What the task requires:
Return the full listing unchanged, apart from leaving out its images.

Data extract:
================================

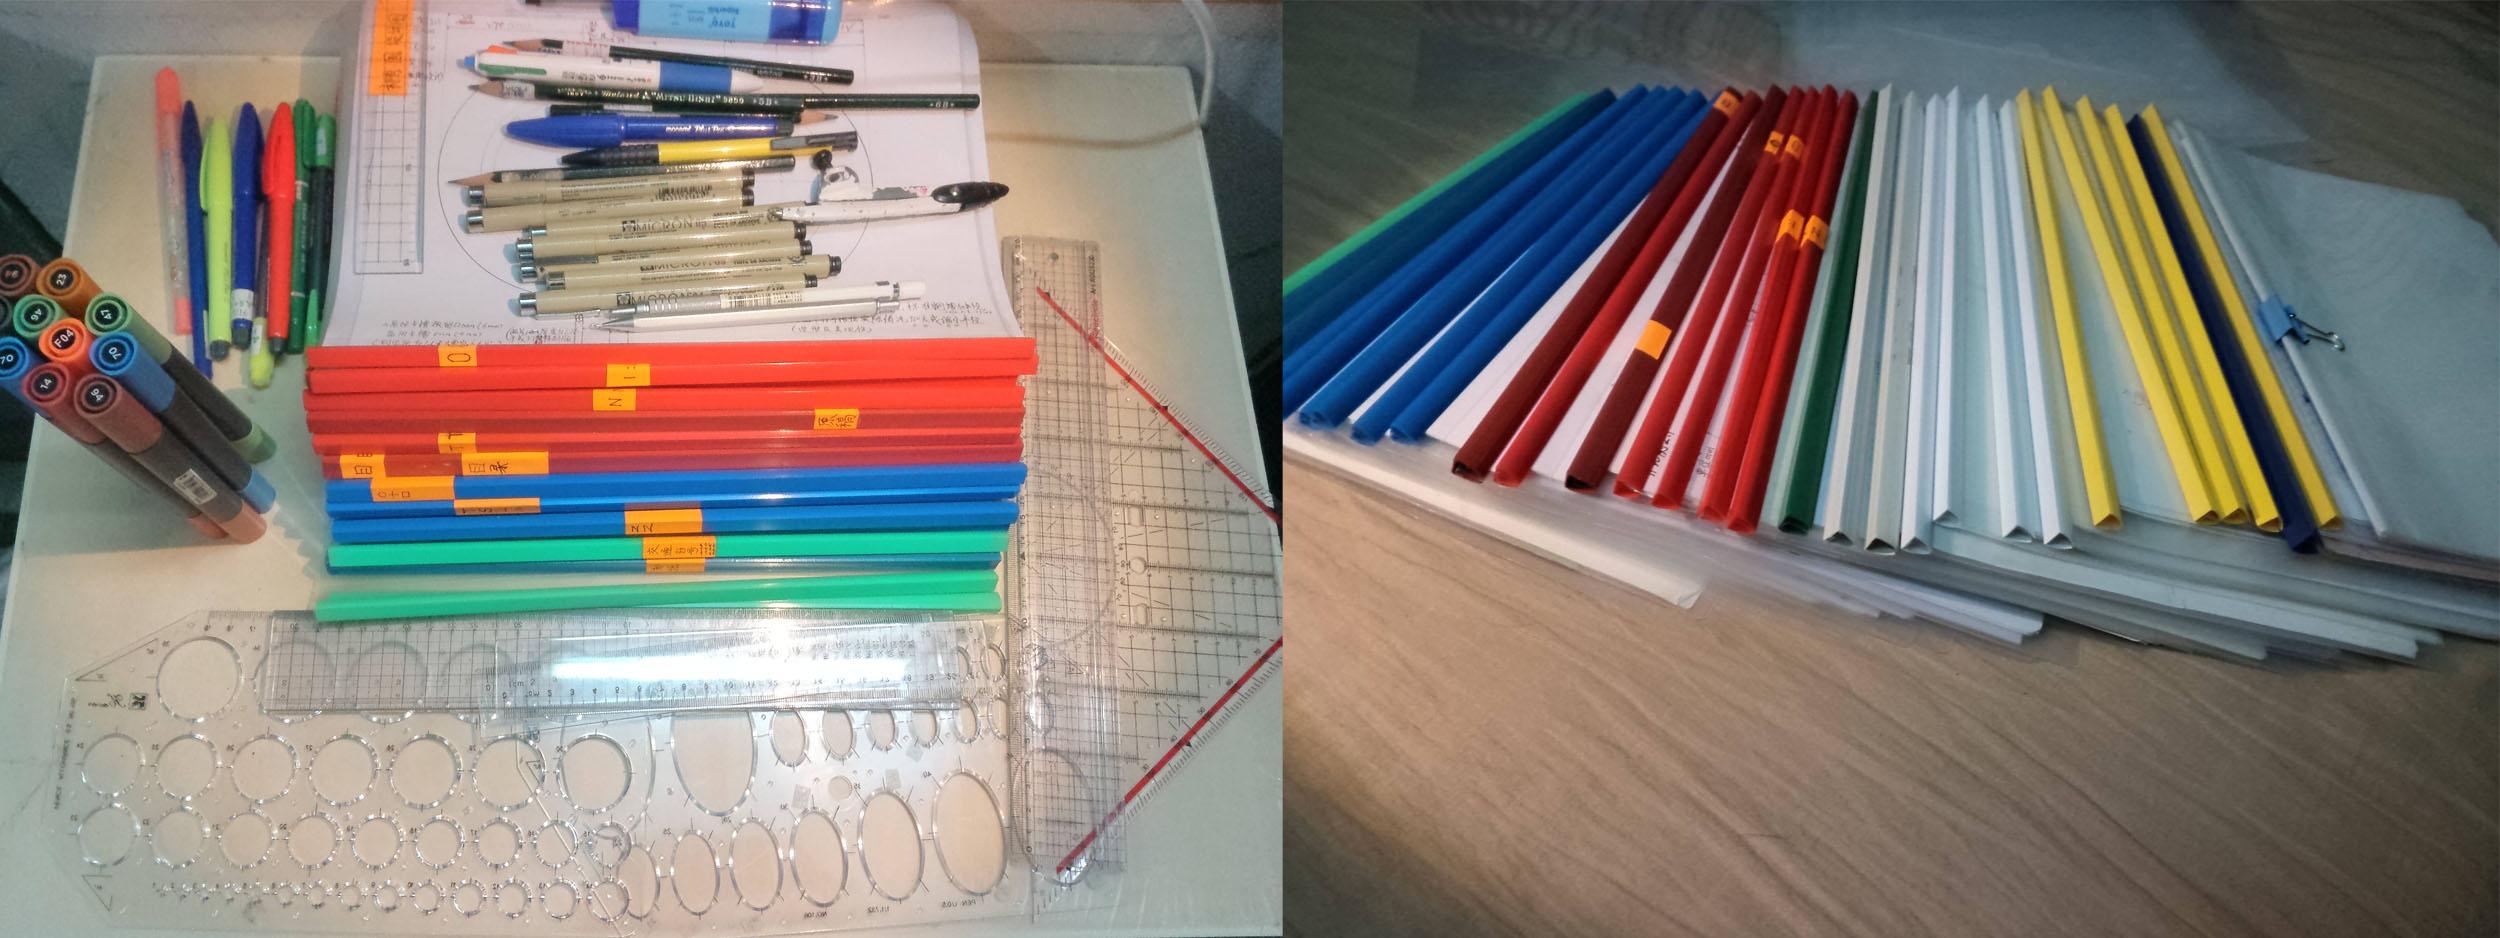 设计所用文件夹 图纸2-5   (4).jpg
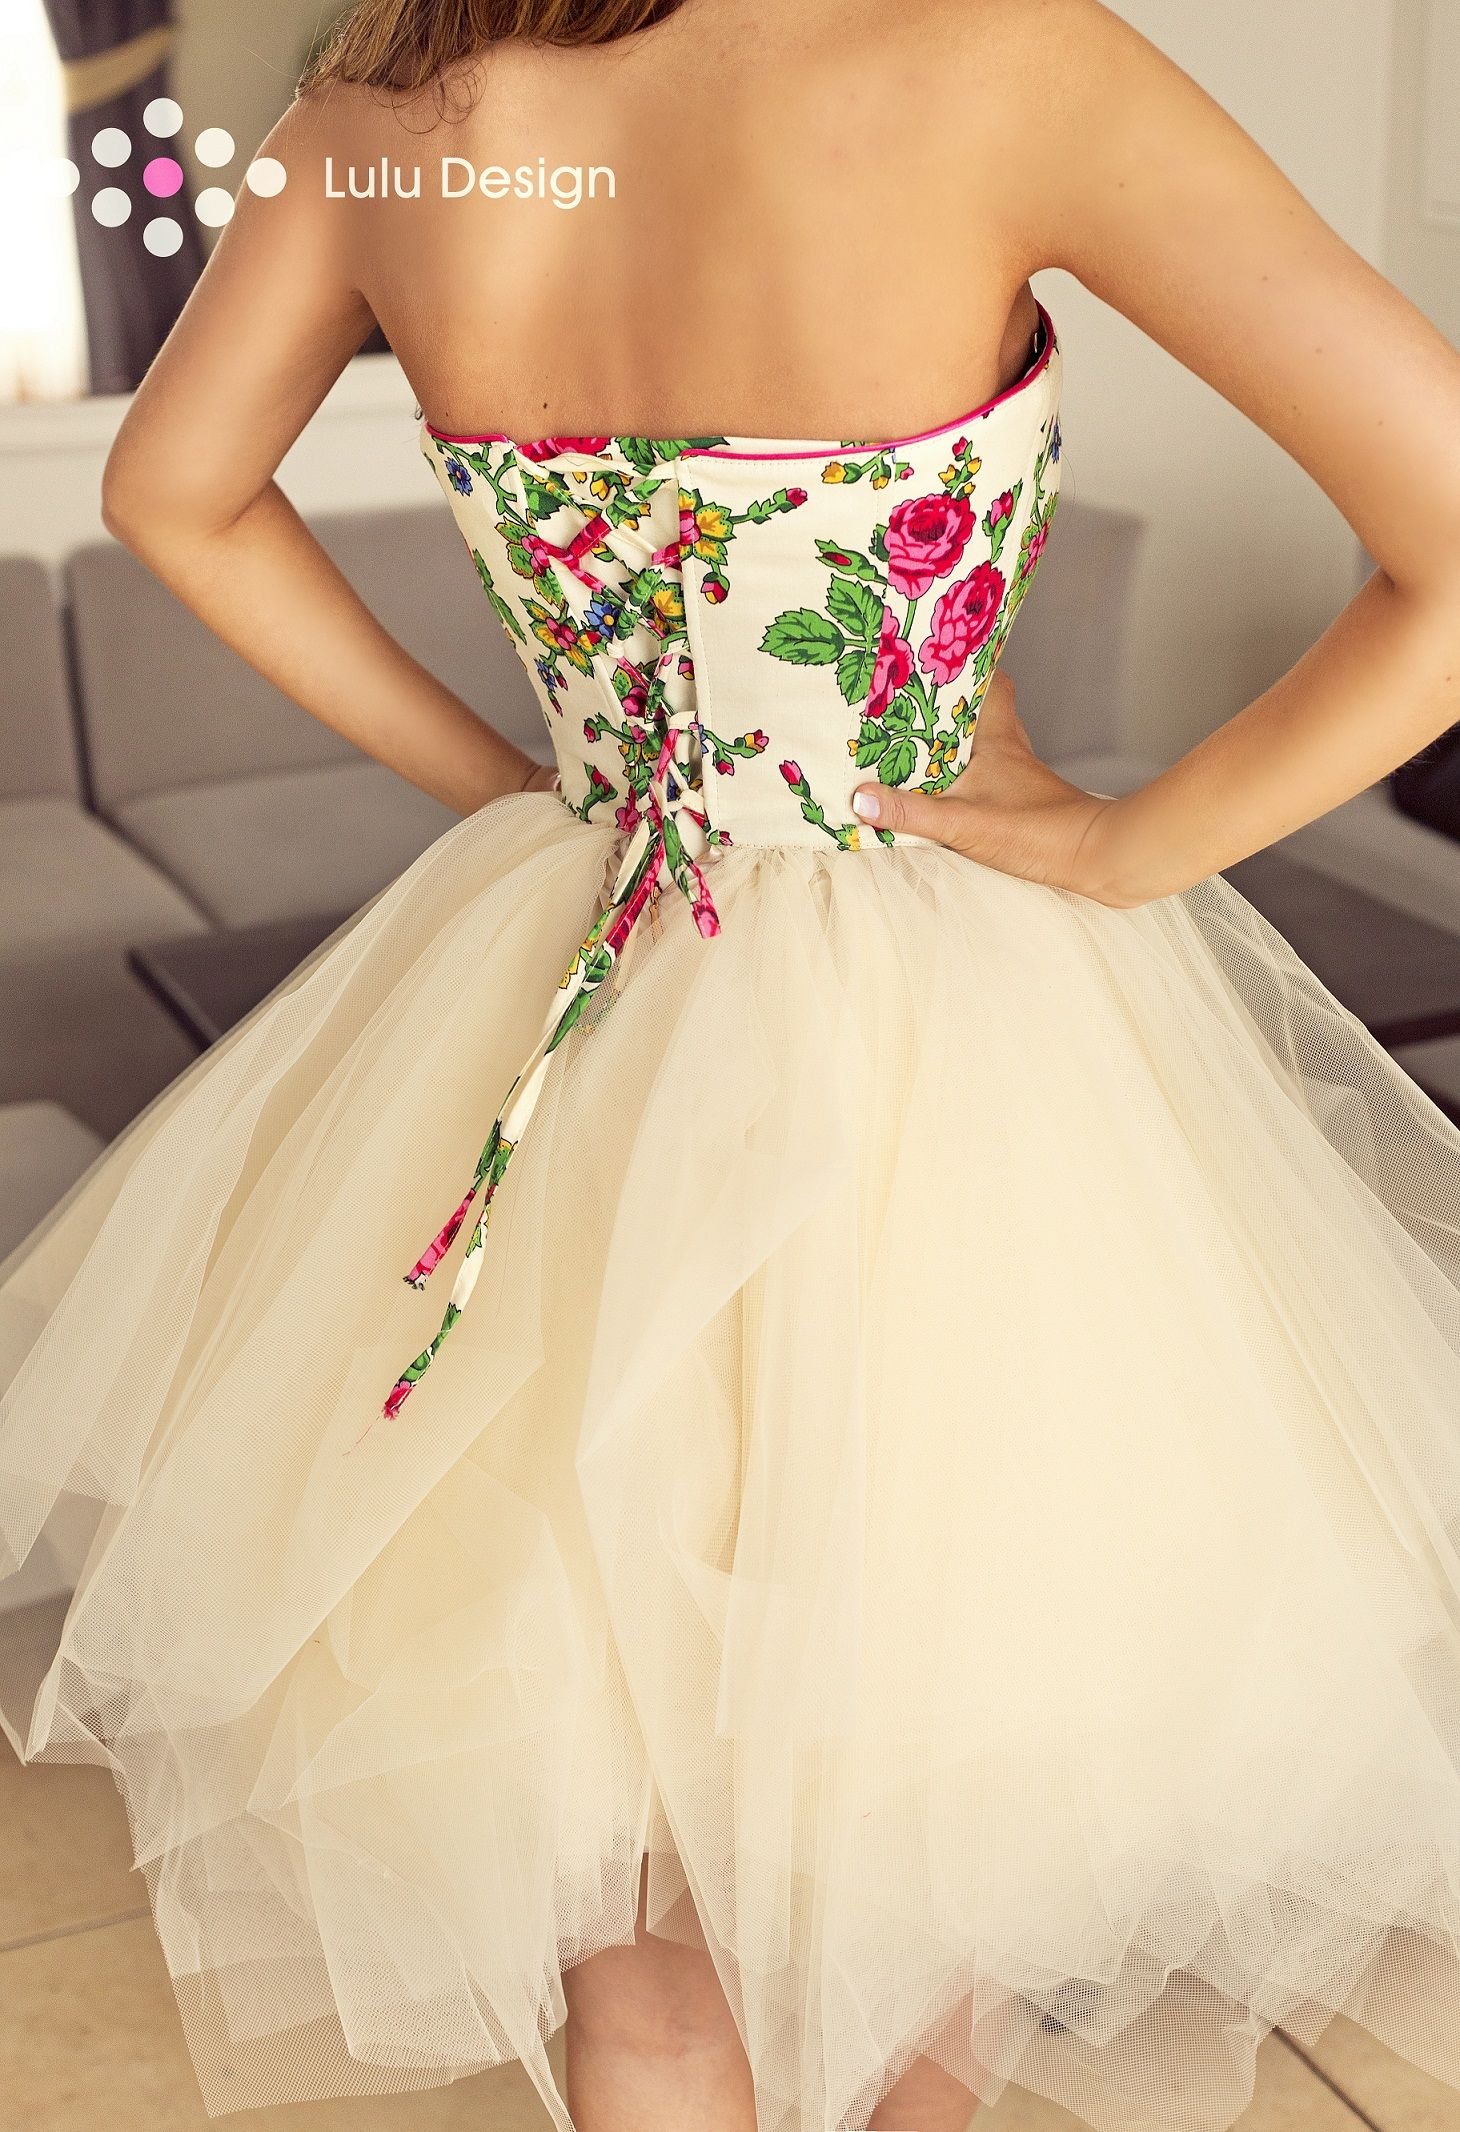 Sukienka Z Puszystym Dolem I Kwiatowym Gorsetem Szyta Na Miare Lub W Standardowej Rozmiarowce Folk Dress Lu Strapless Dress Formal Dresses Formal Dresses
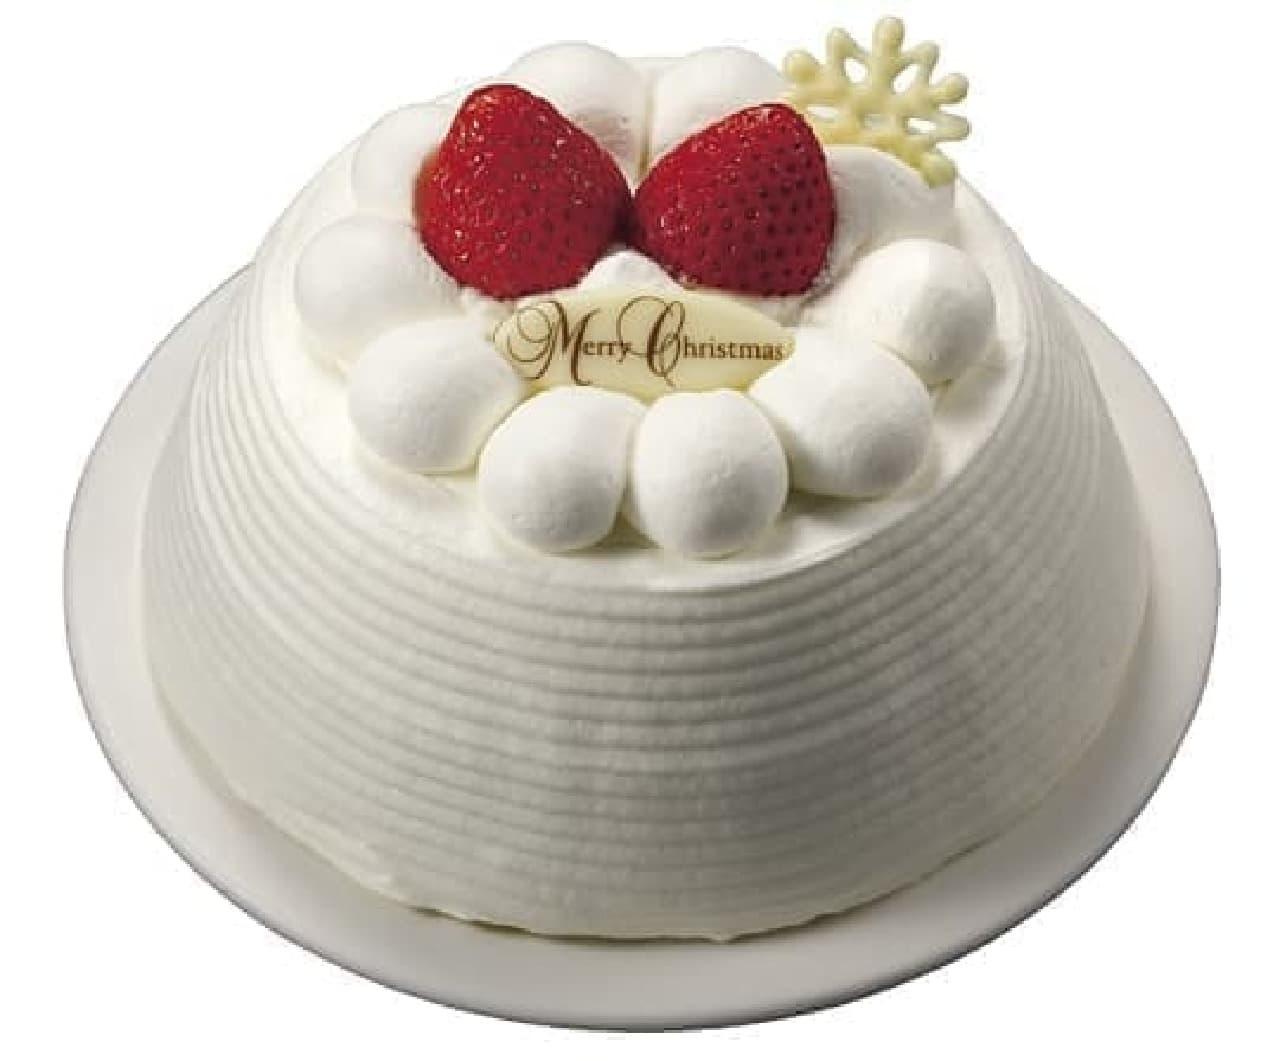 セブン-イレブン、King & Princeがプロデュースした「苺のかまくらショートケーキ(5号相当)」
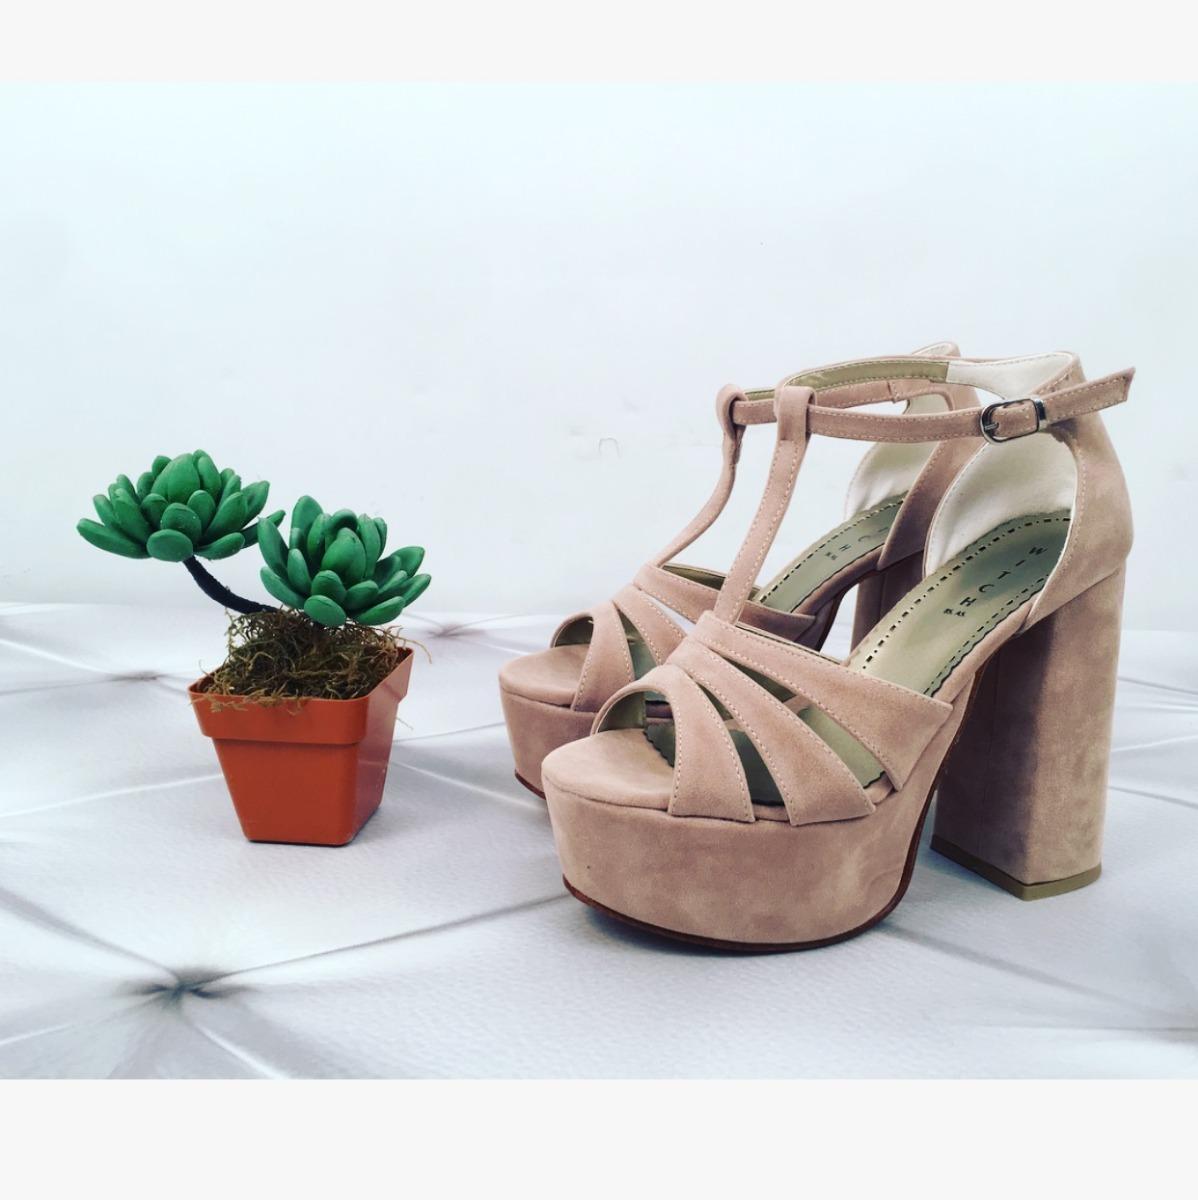 519d9d21e Zapatos Gala Calzado Fiesta Color Nude

================================

Answer section:
 设计所用文件夹 图纸2-5   (4).jpg
 Sukienka Z Puszystym Dolem I Kwiatowym Gorsetem Szyta Na Miare Lub W Standardowej Rozmiarowce Folk Dress Lu Strapless Dress Formal Dresses Formal Dresses
 セブン-イレブン、King & Princeがプロデュースした「苺のかまくらショートケーキ(5号相当)」
 519d9d21e Zapatos Gala Calzado Fiesta Color Nude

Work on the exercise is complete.